The last time I made it, I popped it in olive oil, which was much better than corn or canola oil. 

I don't think I could have popcorn for dinner, though. Wouldn't you have to eat a LOT?


----------



## Gordon (Jul 27, 2009)

BethM wrote:


> I don't think I could have popcorn for dinner, though.Â  Wouldn't you have to eat a LOT?


  Well, yes, but you'd also have to watch a lot of movies.


----------



## Brandy456 (Jul 27, 2009)

*Gordon wrote: *


> Brandy456 wrote:
> 
> 
> > I once baught that popcorn in the tray you could make over a fire, ended up catching the tray on fire and just threw it in.. make pretty flames though.
> ...



I'm not to sure if you could change the temprature on a campfire... h34r2

Lol yeah, I like dill pickle and whtie cheddar =D


----------



## Gordon (Jul 27, 2009)

Brandy456 wrote:


> I'm not to sure if you could change the temprature on a campfire... h34r2


  No, probably not.


----------



## Brandy456 (Jul 27, 2009)

*Gordon wrote: *


> Brandy456 wrote:
> 
> 
> > I'm not to sure if you could change the temprature on a campfire... h34r2
> ...


Hmm, sounds like a good invention ..


----------



## NorthernAutumn (Jul 27, 2009)

Speaking of flavours, Brandy, I just saw all-dressed flavour for the first time yesterday!


----------



## Brandy456 (Jul 27, 2009)

*NorthernAutumn wrote: *


> Speaking of flavours, Brandy, I just saw all-dressed flavour for the first time yesterday!



Omg omg omg omg WHERE !

:shock:


----------



## BSAR (Jul 27, 2009)

*SunnyCait wrote: *


> Kettle corn!
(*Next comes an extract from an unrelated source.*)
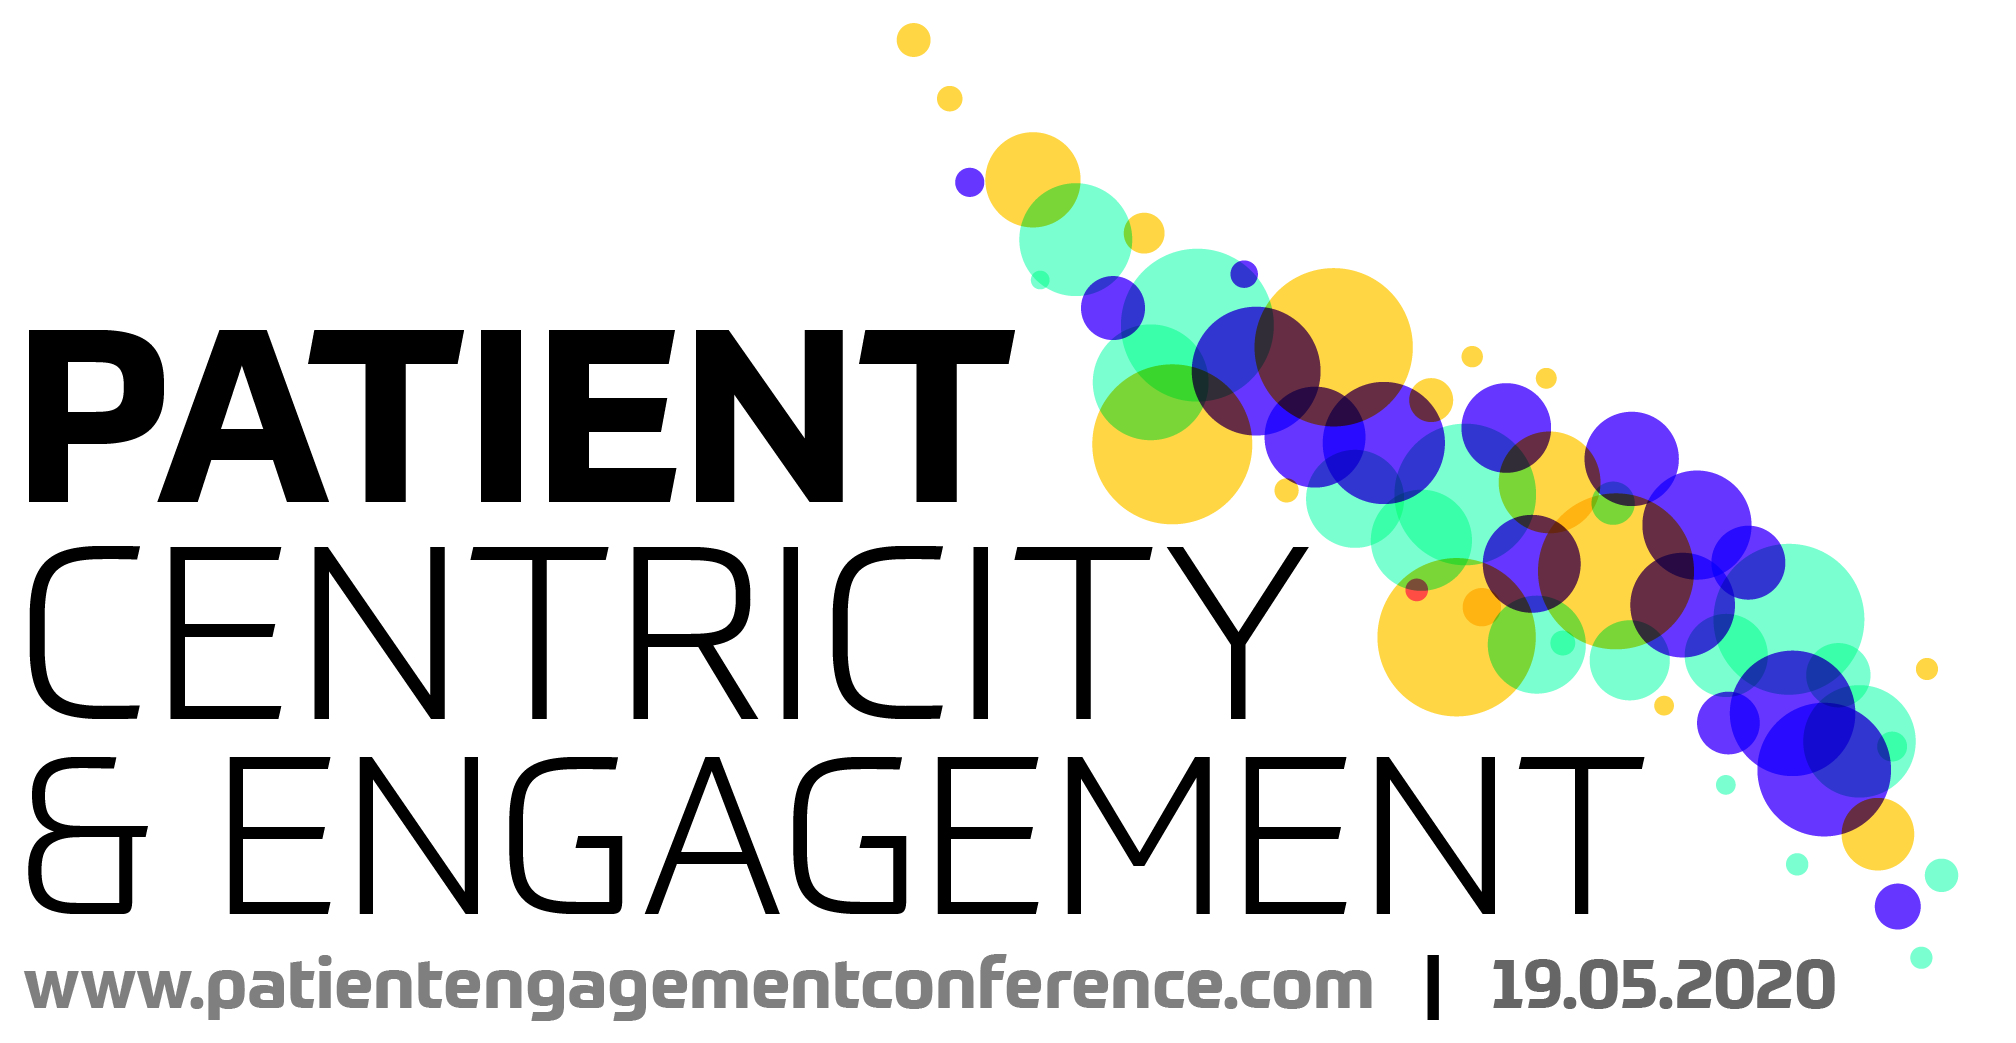 The Patient Centricity & Engagement Conference

And I can't make it.  I have to wait for fairs or amusement parks or our local Ayr Days celebration. Good thing it was this weekend, we bought about 30 dollars worth of the stuff! LOL


Oh its so easy!! You just make some regular popcorn and dump some sugar on it and wa-la kettle corn! Of course its not as good but oh well.


----------



## NorthernAutumn (Jul 28, 2009)

*Brandy456 wrote: *


> *NorthernAutumn wrote: *
> 
> 
> > Speaking of flavours, Brandy, I just saw all-dressed flavour for the first time yesterday!
> ...


I'm pretty sure I saw it at Metro grocery... Mind you, I was just down there in Ottawa this past weekend, so maybe I saw it in one of the convenience stores down there.,
Hmm....


----------



## slavetoabunny (Jul 28, 2009)

My hubby likes to spray his popcorn with butter pam and then flavor it with dried onion, parmesan cheese, and bacon bits.


----------



## wabbitmom12 (Jul 28, 2009)

*BethM wrote: *


> *wabbitmom12 wrote: *
> 
> 
> > I happen to live in the county that produces the most popcorn, per acre, in the world. We take our popcorn SERIOUSLY! A long standing family tradition is to have it for supper on Sunday night. Maybe cut up a few apples to eat, too, and a piece of chocolate or fudge. MMMMM!
> ...



I know what you mean about the airpopped. I've had some really yucky popcorn from some machines. But, we have a really good air popper that I love! I will be so sad when it dies; I don't think they make them anymore. 

The reason they invented the airpop was so you could make your popcorn without fat...but then we put lotsa butter on it! :biggrin2: Kinda defeats the purpose...:blushan: ...but it's SO good!


----------



## kherrmann3 (Jul 28, 2009)

I like my regular buttered microwave popcorn. I'm boring. I do love Okee-Doke's cheese popcorn, though. Mmmm... *drools*


----------



## Pet_Bunny (Jul 28, 2009)

*kherrmann3 wrote: *


> I like my regular buttered microwave popcorn.


Me too. No one else in the house likes popcorn, so I have to settle for a microwaved bag. I don't think eating popcorn would everfill me, but all the butter would kill me.


----------



## Boz (Jul 29, 2009)

I don't like lots of butter on mine. 
If I don't make it, I buy the microwave stuff that's like 94% less fat or something like that. It's really lightly buttered.


----------



## SunnyCait (Jul 30, 2009)

I found some Kettle corn in the microwave bags!!! I've get to try it but I saw it and I was like "AHA!!!" 

Also I've come to realize I love marshmallow popcorn stuff. So bad for you but so sticky sweet good, haha!


----------



## Brandy456 (Jul 30, 2009)

I knew there was something good comming out of loeb changing to metro.


----------



## Flash (Jul 31, 2009)

I remember getting popcorn poisoning as a kid and didn't eat it again until a few years ago. I liked Paul Newman's Natural but I can't eat it anymore.


----------



## wabbitmom12 (Jul 31, 2009)

*Flash wrote: *


> I remember getting popcorn poisoning as a kid and didn't eat it again until a few years ago. I liked Paul Newman's Natural but I can't eat it anymore.


?? What is popcorn poisoning?


----------



## SunnyCait (Jul 31, 2009)

Okay tried the microwave kettle corn.

Never again. *shudders*


----------



## Flash (Jul 31, 2009)

I ate too much of it and got sick.


----------



## wabbitmom12 (Jul 31, 2009)

*Flash wrote: *


> I ate too much of it and got sick.


Oh, ok. I thought maybe it was some weird, mysterious illness


----------